6. The team's captain declares the innings closed.
7. The Match Referee decides that one team has forfeited the game.

Law 13 covers the end of the innings.

==Taking wickets==
When the bowling team has dismissed all but one of the batsmen the innings is said to be over. The batting team is said to be 'all out' or 'bowled out'.

For example, in most games, each side has 11 players, so 10 wickets need to be taken to bowl a side out.

There is an exception to this rule if one or more batsmen are injured and/or ill and cannot bat. In such cases, when only one batsman remains not out and capable of batting, the innings is over.

In the case of a Super Over innings, only two batsmen must be dismissed for the innings to be over.

==Overs bowled==
In some games, each team is allocated a set number of overs and its innings is closed once they have been bowled (subject to the innings not ending by another method beforehand).

A restriction can be imposed in a one-innings game, or in the first innings of a two innings game.
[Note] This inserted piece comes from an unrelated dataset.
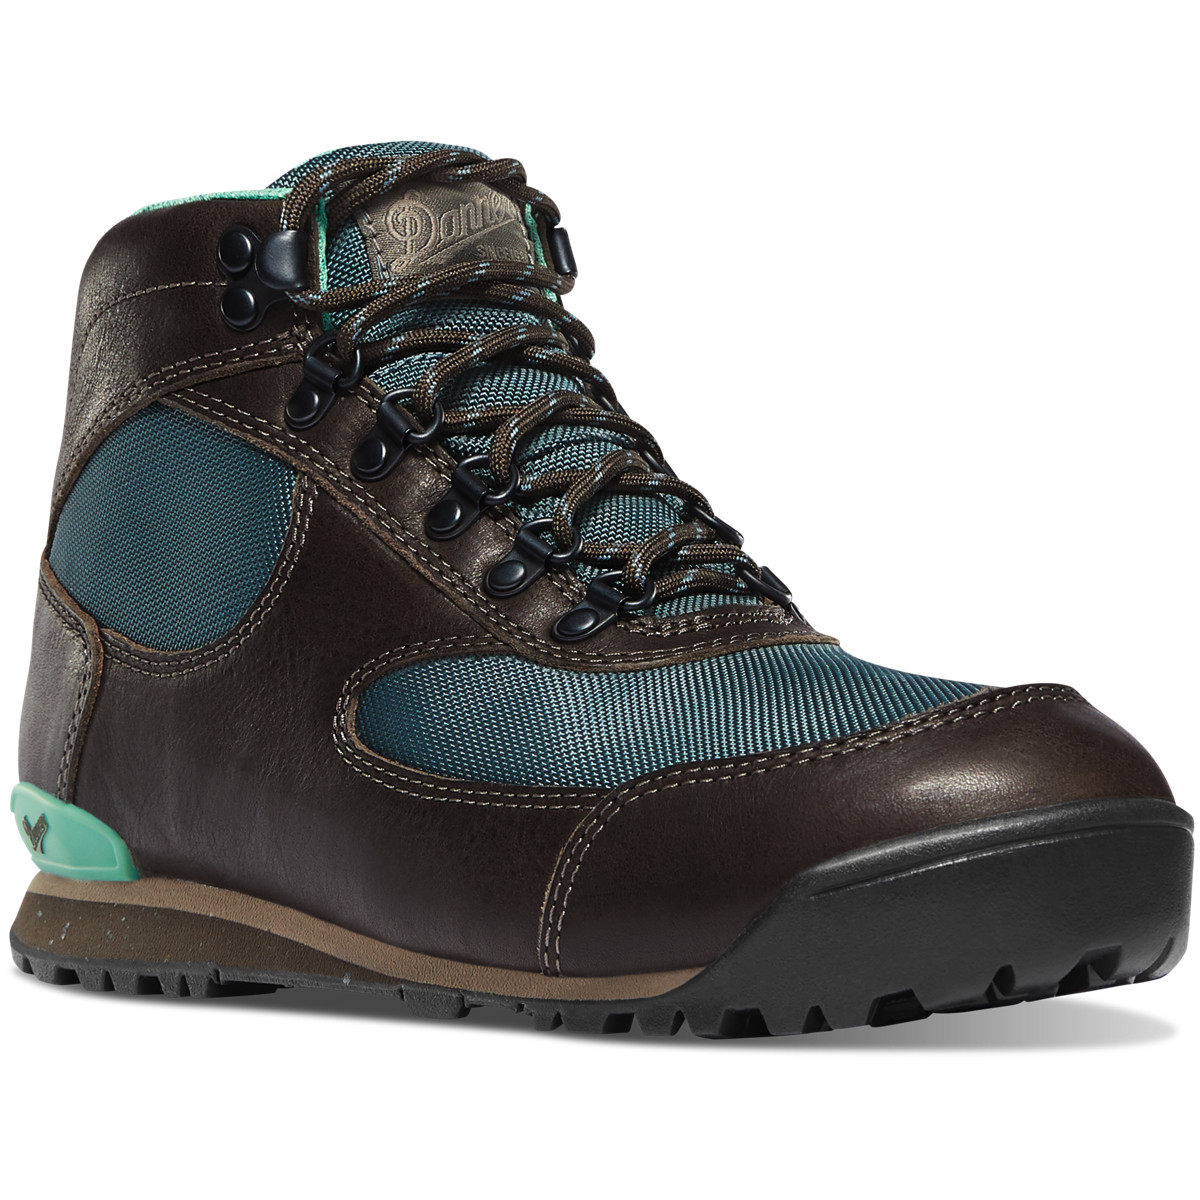 Danner Womens Jag Hiking Boots Dark Brown/Blue - BUC370148

Where such a restriction is imposed in a one-innings game, it is said to be a limited overs match. An example of this is an ODI match, where each team can bat for only 50 consecutive overs. Once the 50 overs are up, and the team has not been bowled out, the innings is closed. If rain intervenes so that all the allocated overs cannot be bowled in the time available for the game, the overs restriction may be modified so that the game may be completed in the time that remains.

==Declaration==

If the captain of the batting team feels that his team has amassed a sufficiently large score, he, or the batsmen at the crease deputising for him, may end his team's innings voluntarily by declaring. This option does not apply to limited overs matches. Declarations allow the declaring side to use all the remaining time to attempt to gain the wickets necessary for victory. The strategic consideration is to gamble a certain draw for a possible victory, while risking defeat if the target is achieved by the incoming batting side.

==Achieving the target==
If one team has completed all of their scheduled innings, while the other team has not, then the initial team is said to have set a "target", which is the number of runs they have scored plus one, that the other team must "chase". If the chasing team manages to achieve the target, their innings is ended and they win. In rain-affected matches in which the Duckworth-Lewis method applies, the target to be reached may be less than the actual target set by the first batting side. In a two-innings match where the follow-on has been enforced, the initial batting team may have to chase the target set by the other team.

==Forfeiture==

In the event of the match being disrupted by unruly fans of the host team, the Match Referee may cede the match to the visiting team, if they are in a vantage position.